> [Problem description]: Go through the listing below and gather every line with the word "Collar".

> [Source data]:
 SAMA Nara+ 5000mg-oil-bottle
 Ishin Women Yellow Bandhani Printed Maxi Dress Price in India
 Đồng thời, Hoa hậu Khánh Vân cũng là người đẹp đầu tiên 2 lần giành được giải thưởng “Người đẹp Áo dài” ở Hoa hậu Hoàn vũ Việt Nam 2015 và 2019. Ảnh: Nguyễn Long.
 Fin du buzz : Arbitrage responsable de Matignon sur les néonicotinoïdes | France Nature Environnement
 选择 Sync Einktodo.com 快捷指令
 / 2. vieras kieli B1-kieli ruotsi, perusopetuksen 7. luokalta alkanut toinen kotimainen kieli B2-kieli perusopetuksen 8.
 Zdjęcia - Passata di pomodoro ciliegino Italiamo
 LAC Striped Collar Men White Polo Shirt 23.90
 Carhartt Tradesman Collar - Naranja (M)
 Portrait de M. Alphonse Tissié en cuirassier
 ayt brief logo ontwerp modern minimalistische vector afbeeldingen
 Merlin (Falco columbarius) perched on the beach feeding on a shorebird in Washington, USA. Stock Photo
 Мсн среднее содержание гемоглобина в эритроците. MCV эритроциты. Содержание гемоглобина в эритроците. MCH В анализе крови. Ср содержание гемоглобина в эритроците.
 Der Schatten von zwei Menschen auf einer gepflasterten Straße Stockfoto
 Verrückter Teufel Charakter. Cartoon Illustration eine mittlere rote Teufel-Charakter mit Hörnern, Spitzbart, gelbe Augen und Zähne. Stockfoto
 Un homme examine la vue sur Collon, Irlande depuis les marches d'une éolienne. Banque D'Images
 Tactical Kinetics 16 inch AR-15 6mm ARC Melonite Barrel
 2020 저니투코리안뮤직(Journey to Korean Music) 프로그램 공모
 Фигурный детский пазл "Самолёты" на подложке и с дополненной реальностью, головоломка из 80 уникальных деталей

> [Expected output]:
 LAC Striped Collar Men White Polo Shirt 23.90
 Carhartt Tradesman Collar - Naranja (M)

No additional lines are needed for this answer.